Description of the task
Entries below include pictures. Output exactly the lines from the one with "Kevin Schmidt, Dungeon Crawl, 2006, foam, balsa" down to the one with "Were a close-knit", both ends included, and leave the pictures out.
(Extracted data begins)
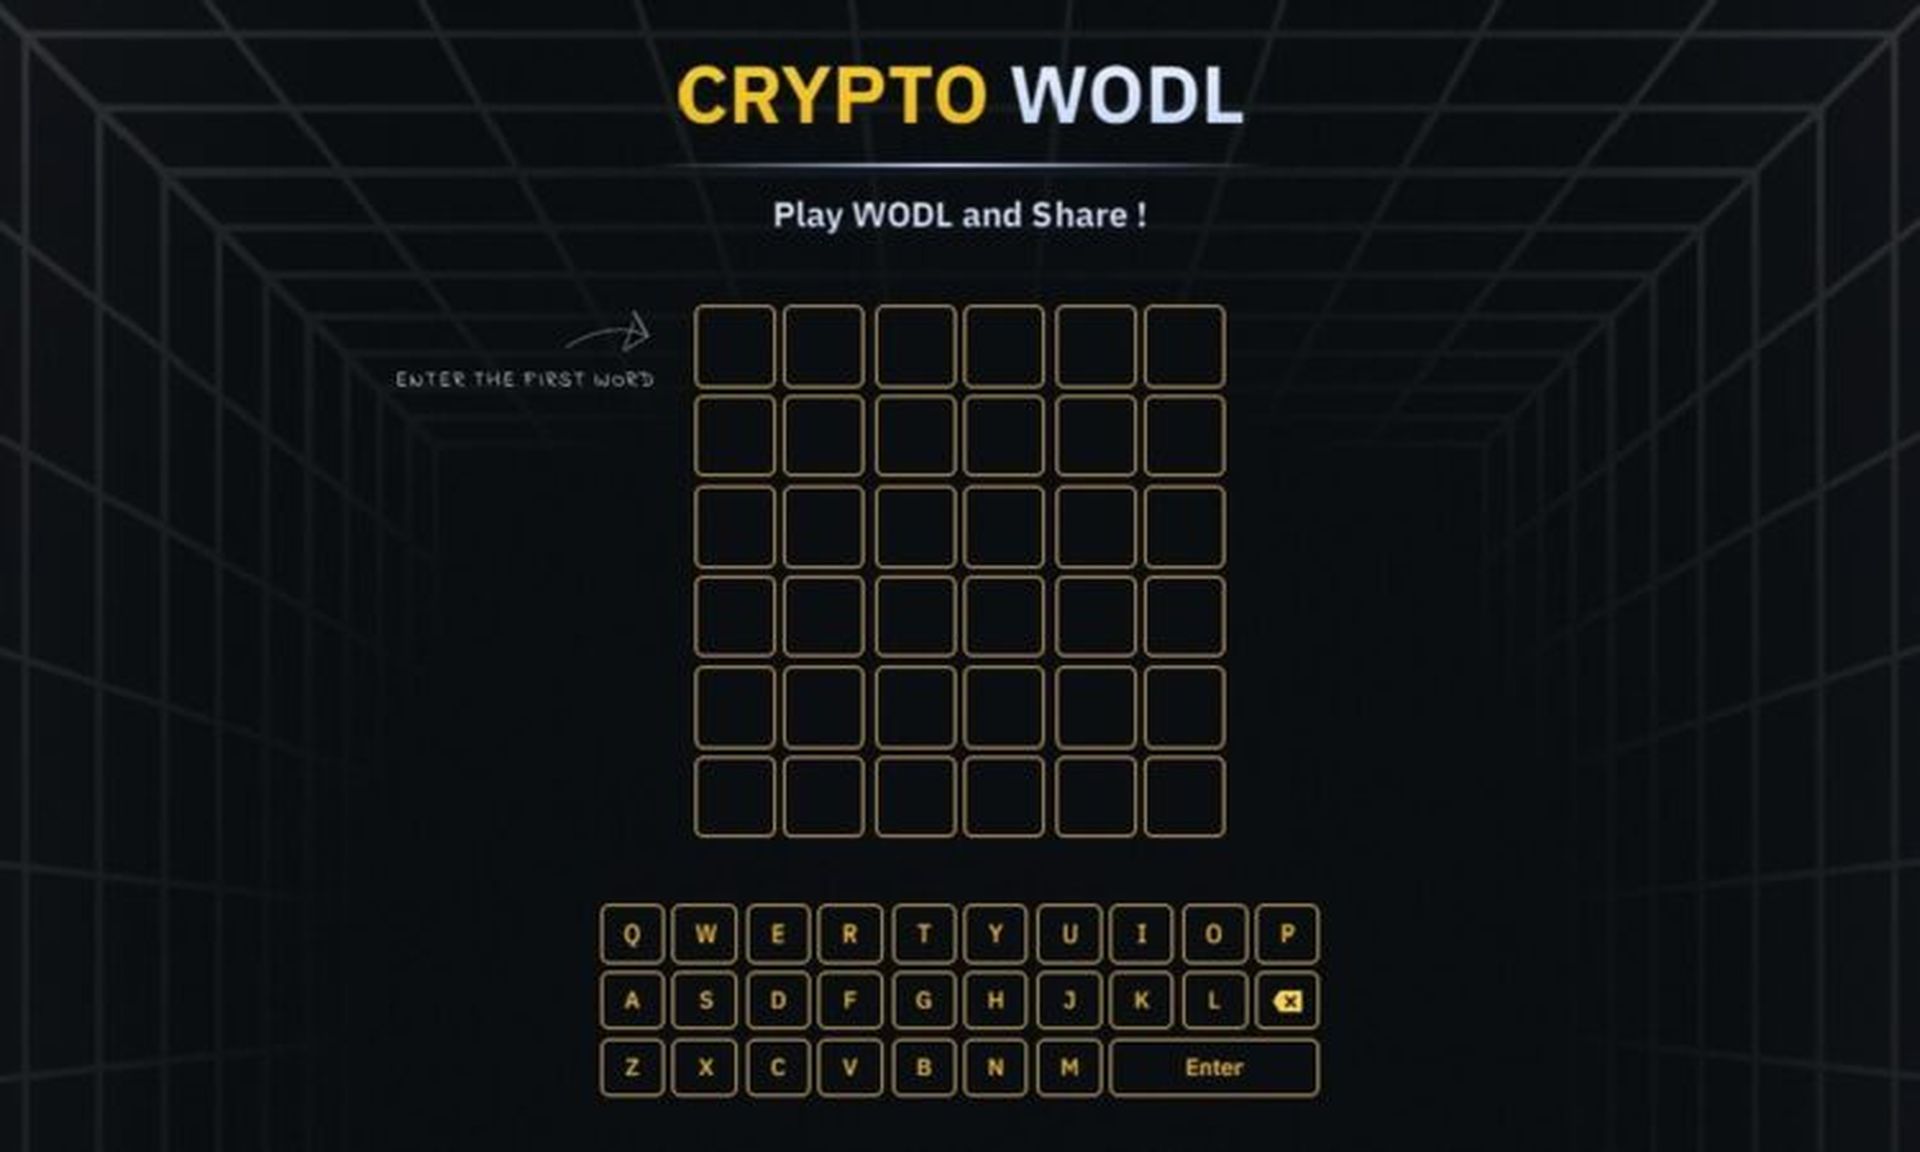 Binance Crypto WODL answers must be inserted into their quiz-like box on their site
(Extracted data ends)
(Extracted data begins)
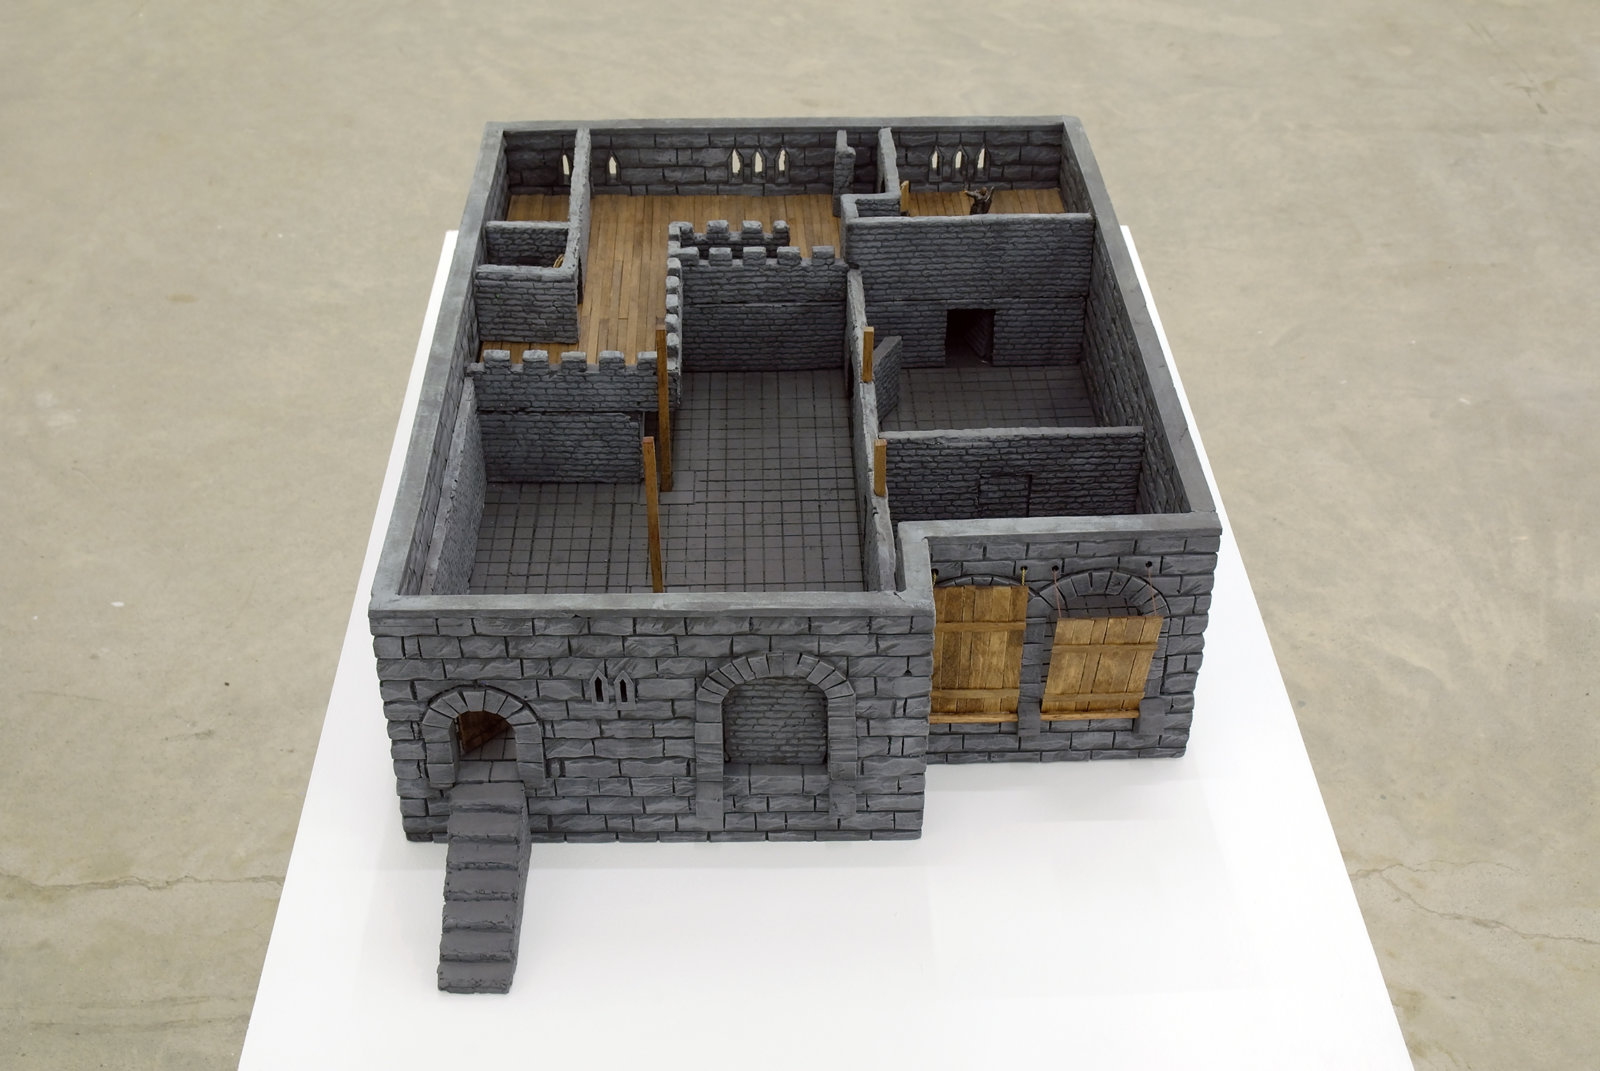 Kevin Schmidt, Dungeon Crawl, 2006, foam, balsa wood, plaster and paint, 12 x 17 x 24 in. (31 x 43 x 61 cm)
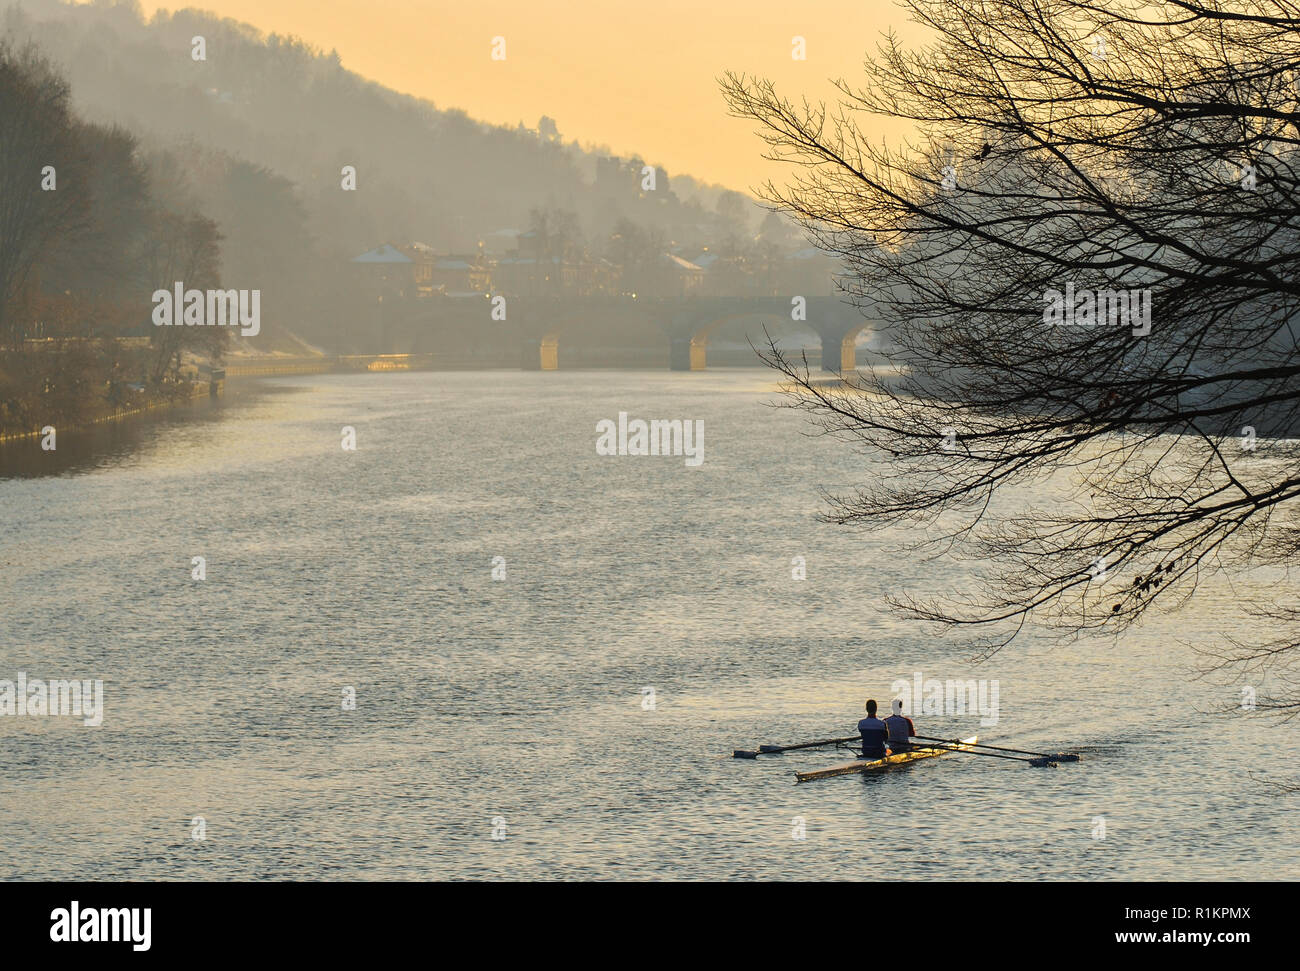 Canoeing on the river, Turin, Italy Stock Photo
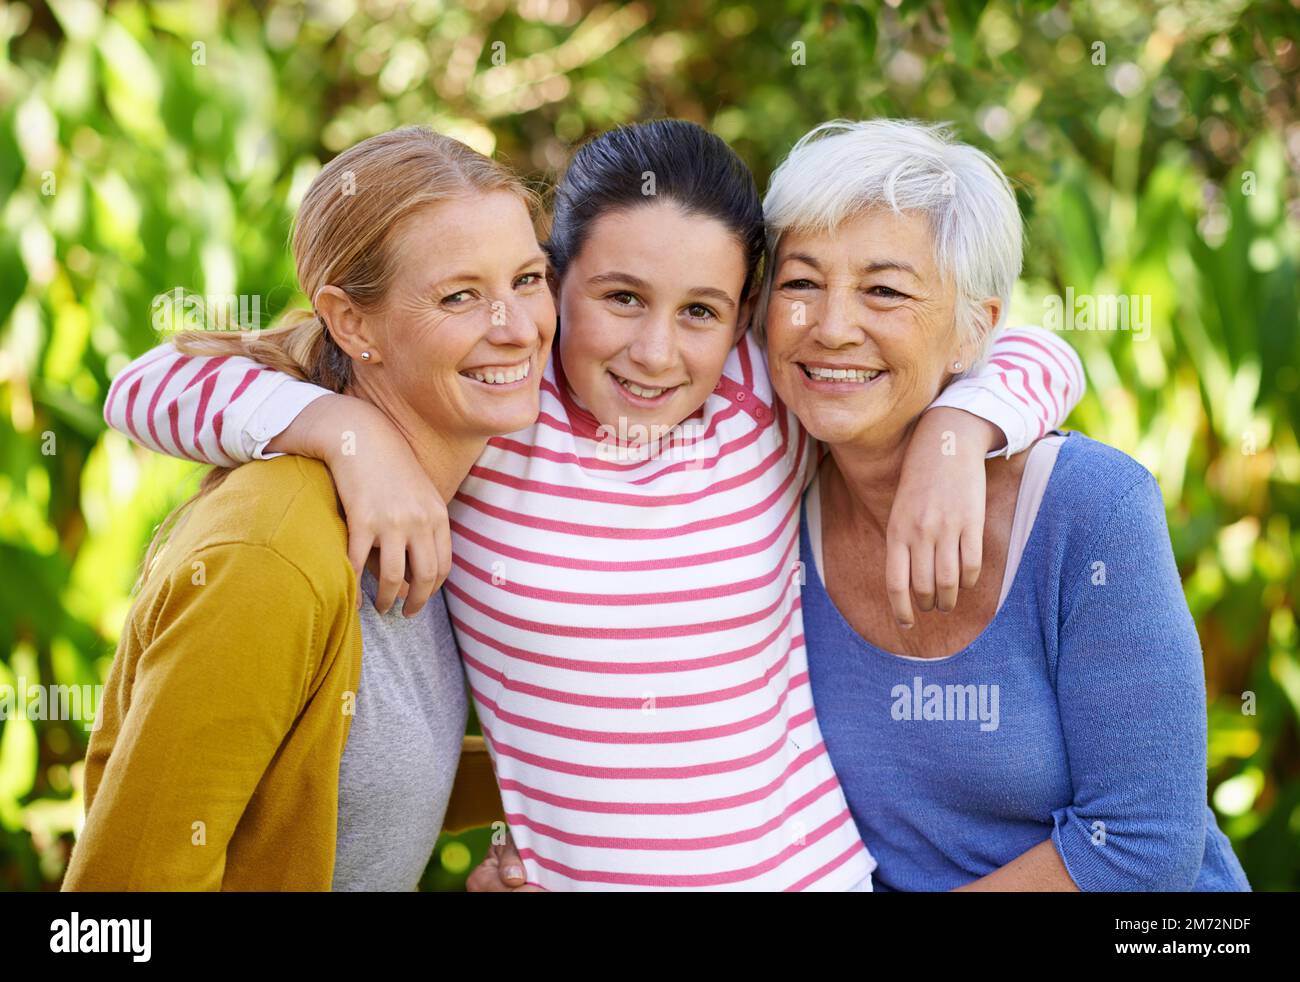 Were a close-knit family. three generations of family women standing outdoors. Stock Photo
(Extracted data ends)
Answer to the problem
 Kevin Schmidt, Dungeon Crawl, 2006, foam, balsa wood, plaster and paint, 12 x 17 x 24 in. (31 x 43 x 61 cm)
 Canoeing on the river, Turin, Italy Stock Photo
 Were a close-knit family. three generations of family women standing outdoors. Stock Photo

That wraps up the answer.